→ **What to do**:
Go through the records below from the first line and print each one exactly, stopping after the line that contains "1730 NURNBERG Gold". Do not print pictures or anything past that line.

=== Section Start ===

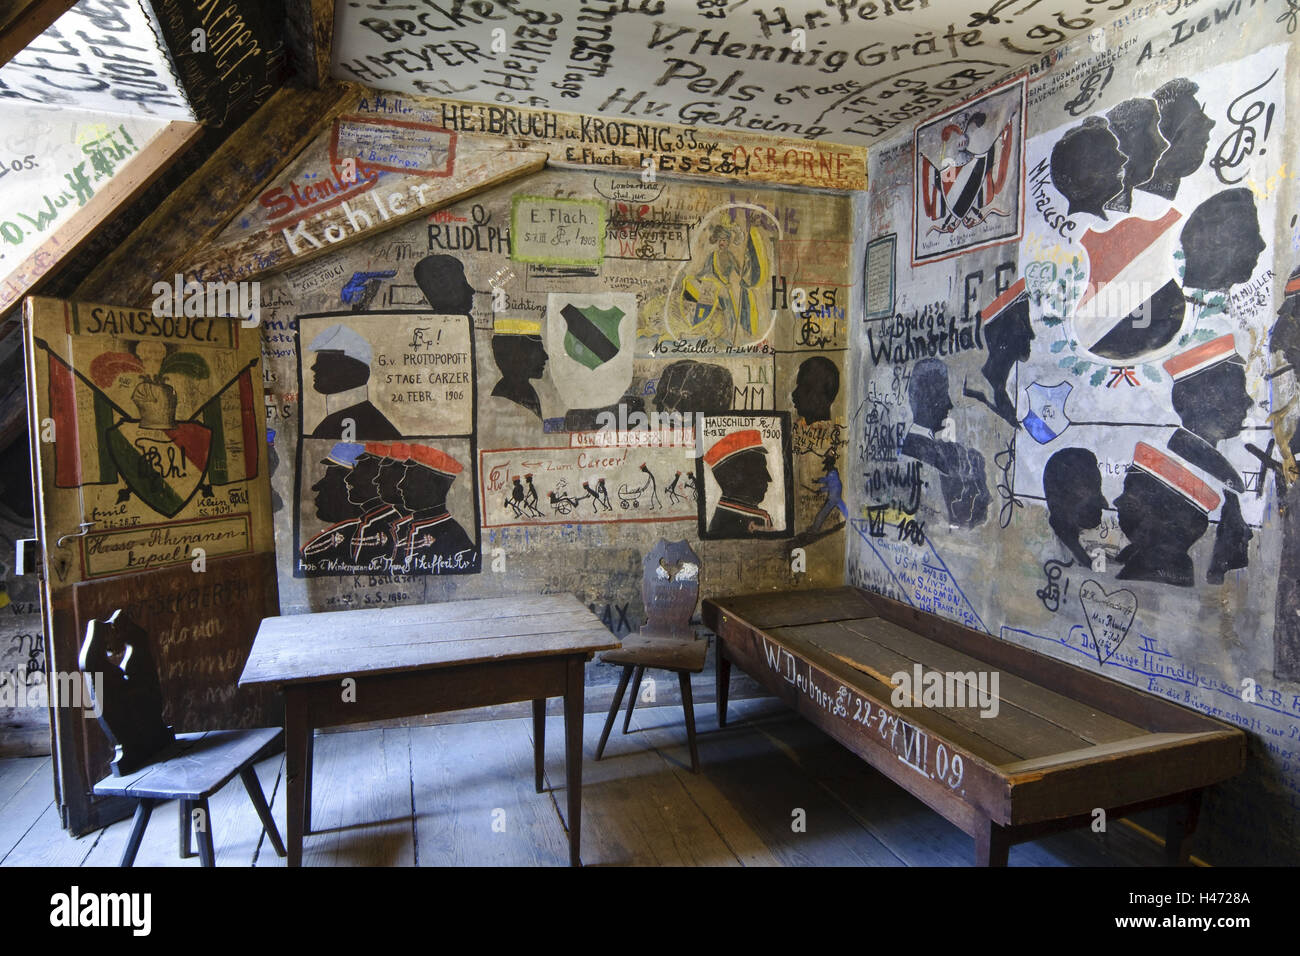 Heidelberg, studente cella di detenzione, pitture murali, graffiti, università, Baden-Württemberg, Germania, Foto Stock
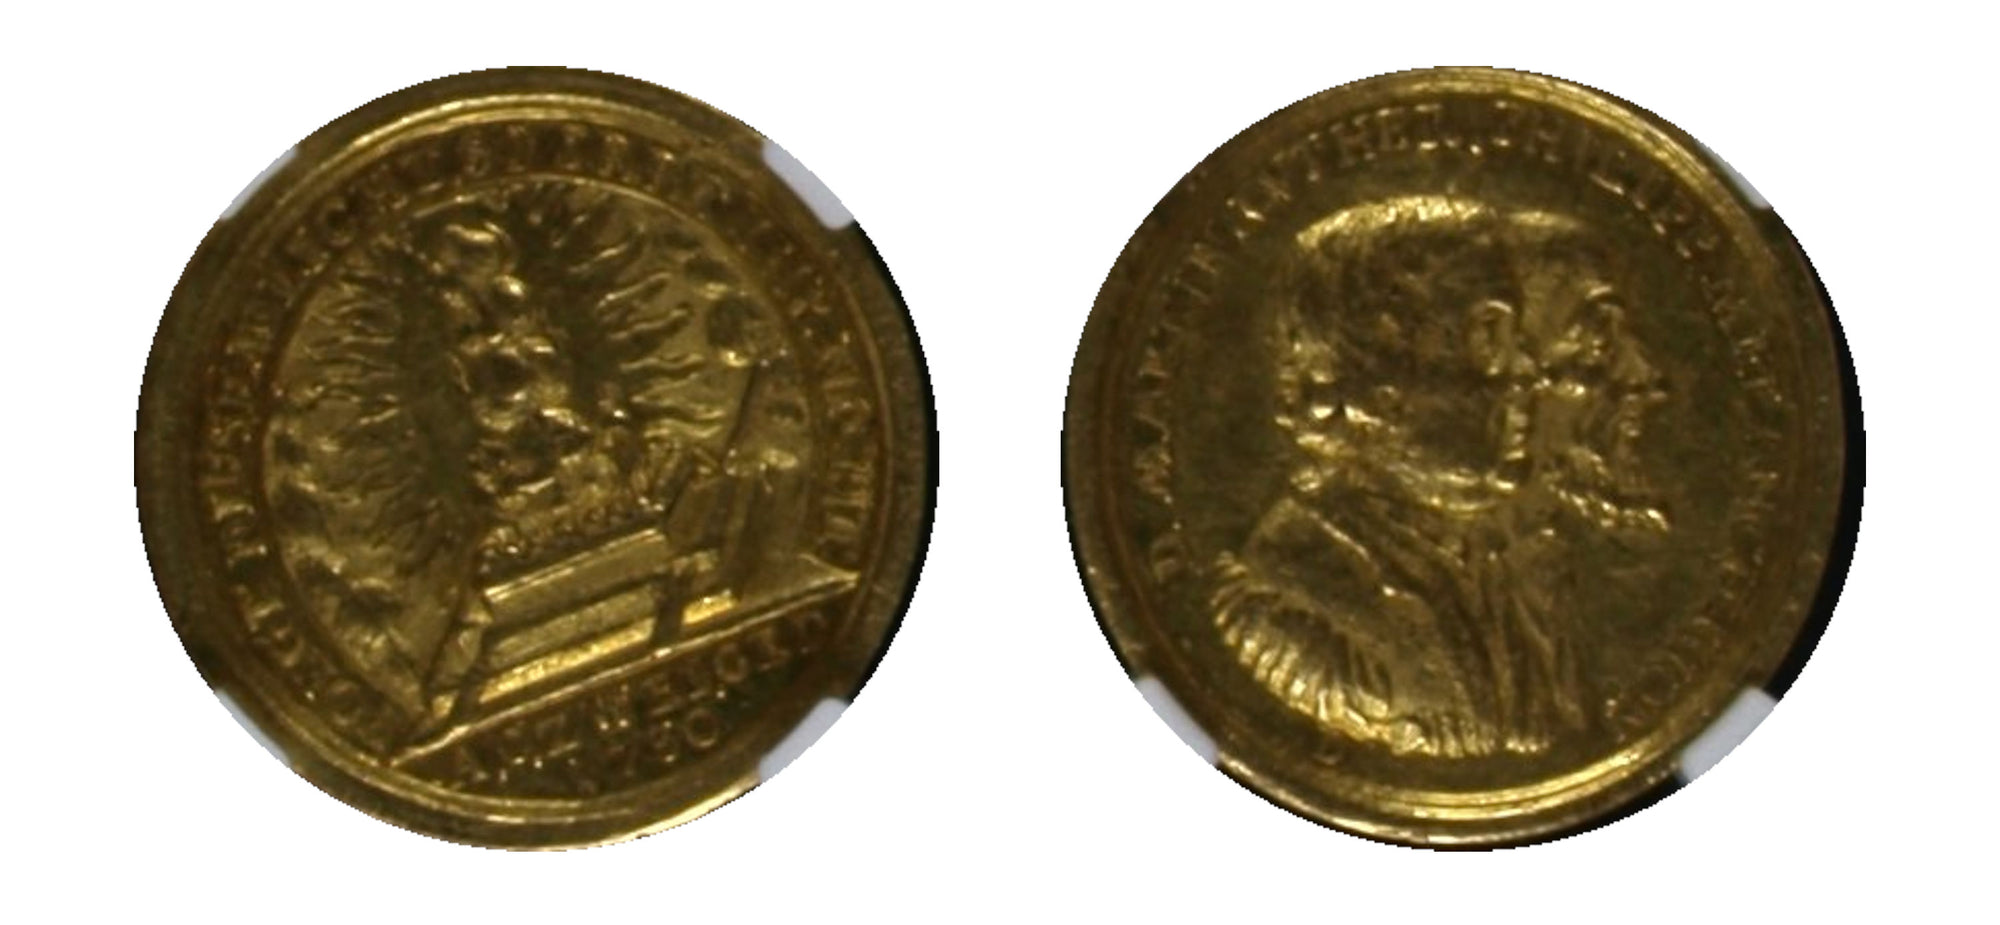 1730 NURNBERG Gold Medal ERLANGER-2203 NGC XF45 - Hard Asset Management, Inc
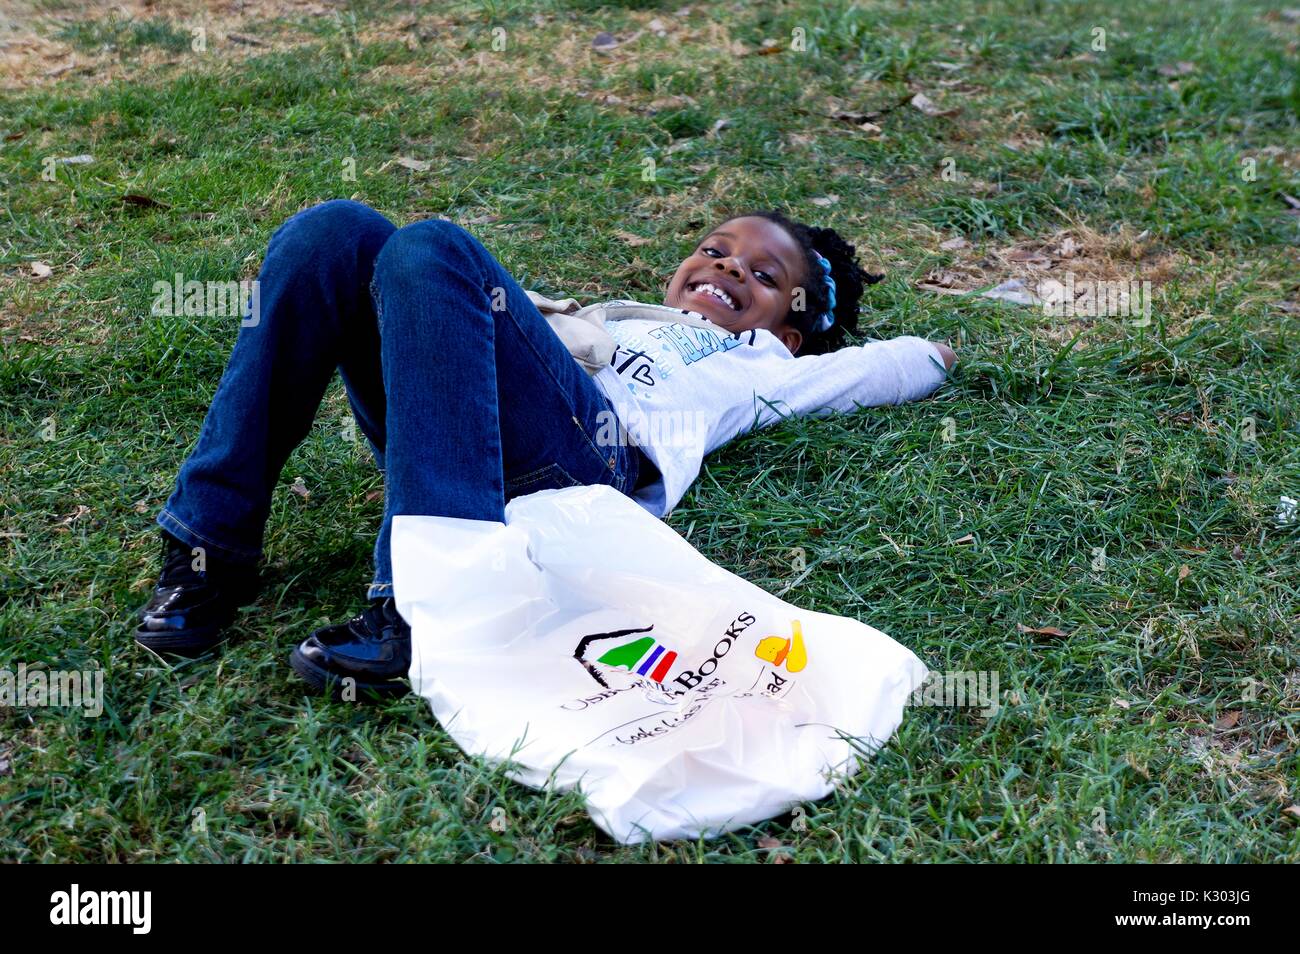 Une jeune fille souriant et portant dans l'herbe avec un sac en plastique au Baltimore Book Festival à Baltimore, Maryland, Septembre, 2013. Banque D'Images
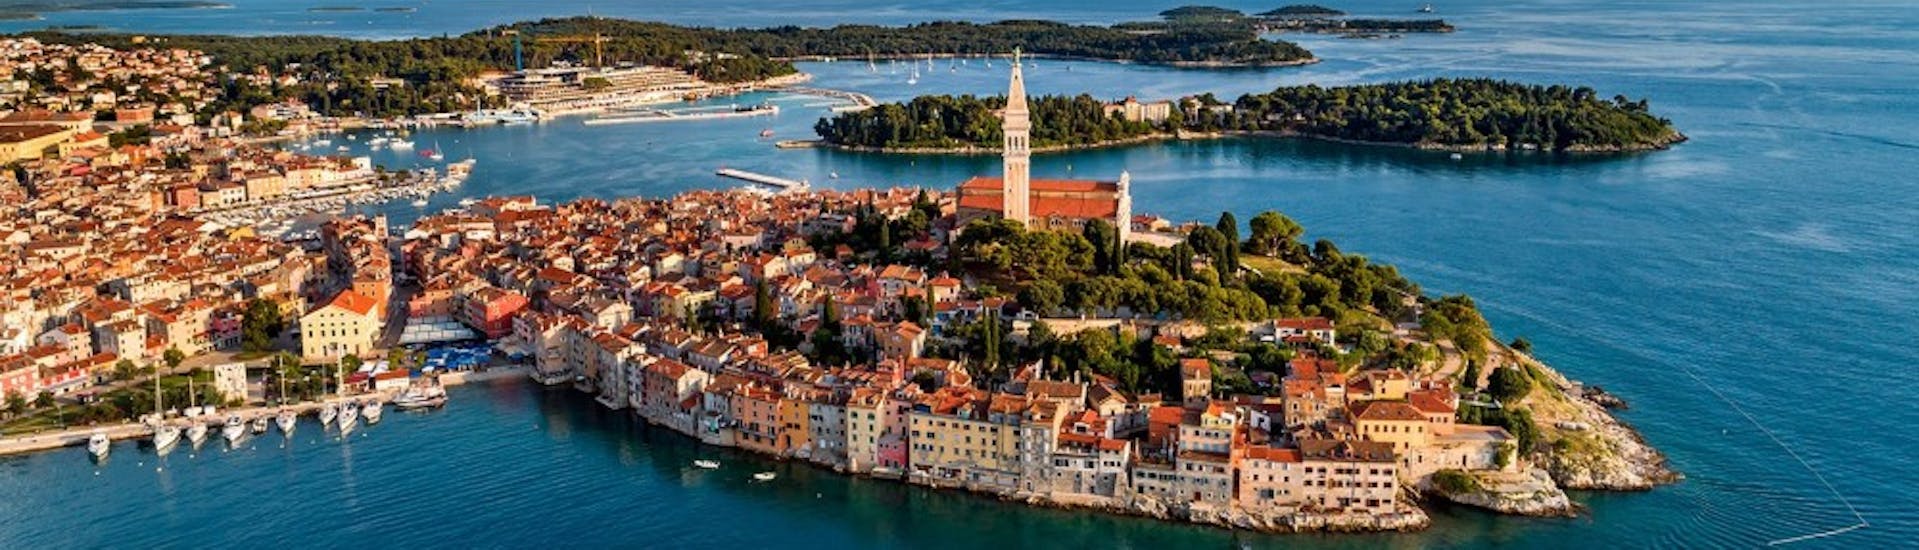 Vista de la histórica ciudad de Rovinj, que vas a visitar durante el paseo en barco privado a Rovinj desde Fažana con Sea Tours Istria Fažana.
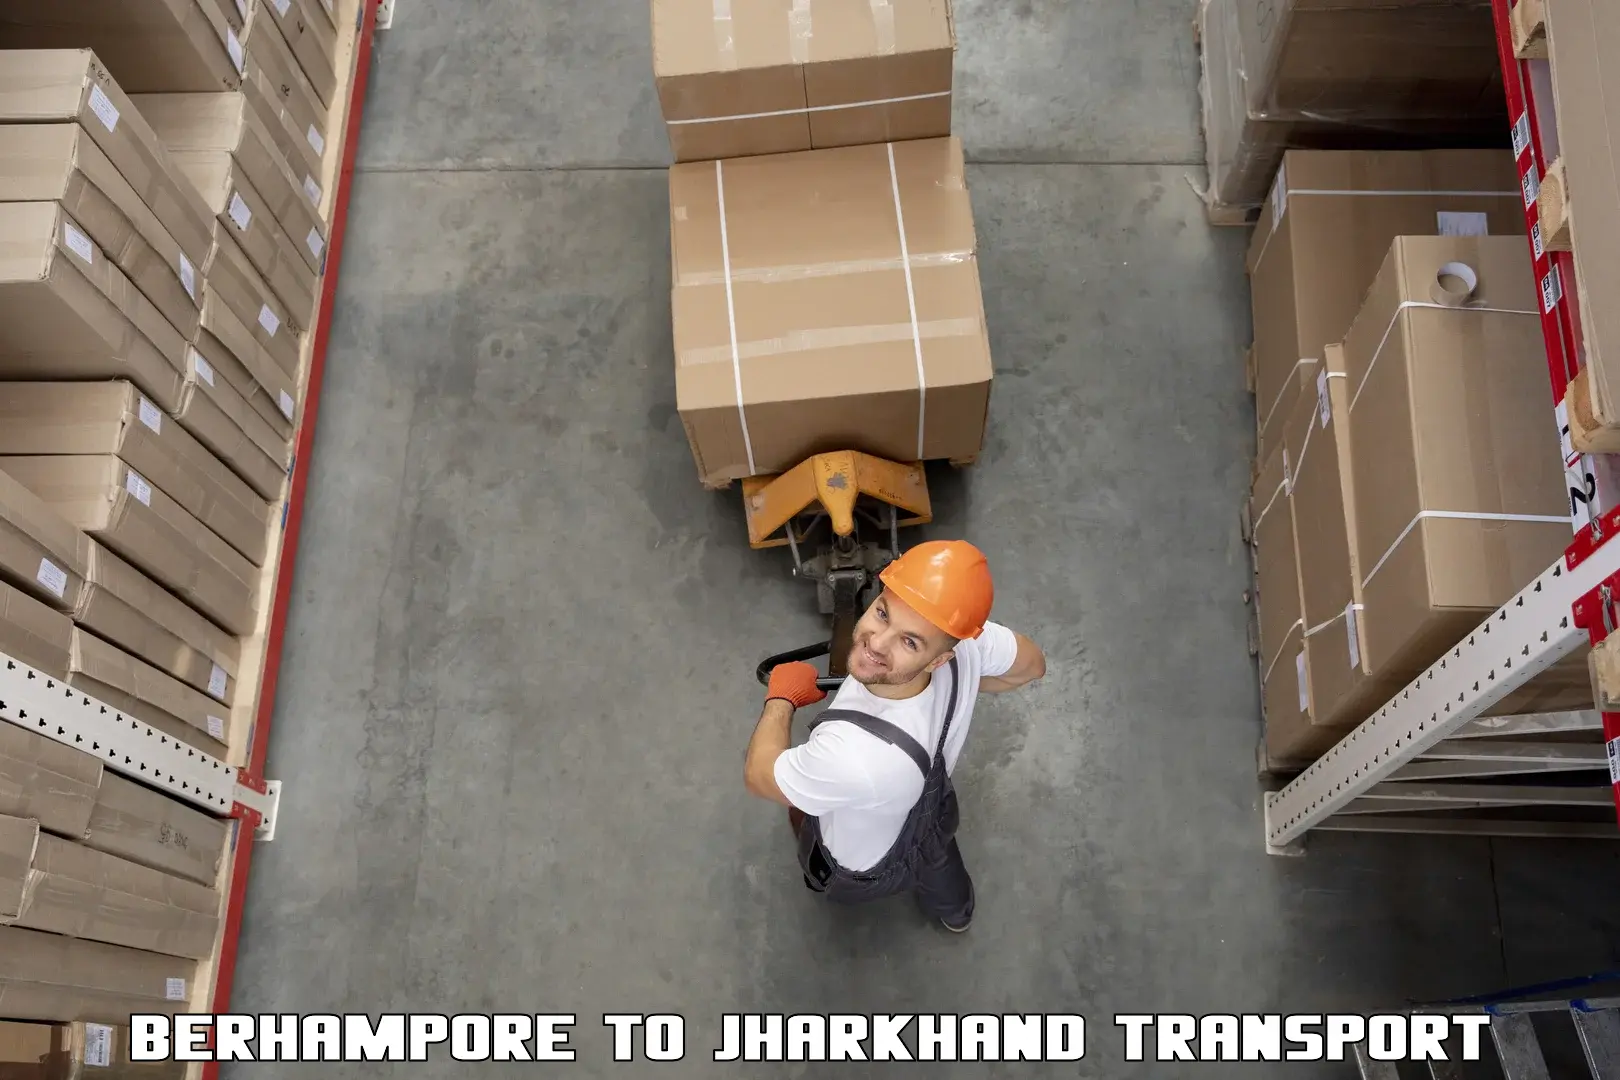 Goods delivery service Berhampore to Hariharganj

=== Section End ===

→ **Solution to the problem**:
 Heidelberg, studente cella di detenzione, pitture murali, graffiti, università, Baden-Württemberg, Germania, Foto Stock
 1730 NURNBERG Gold Medal ERLANGER-2203 NGC XF45 - Hard Asset Management, Inc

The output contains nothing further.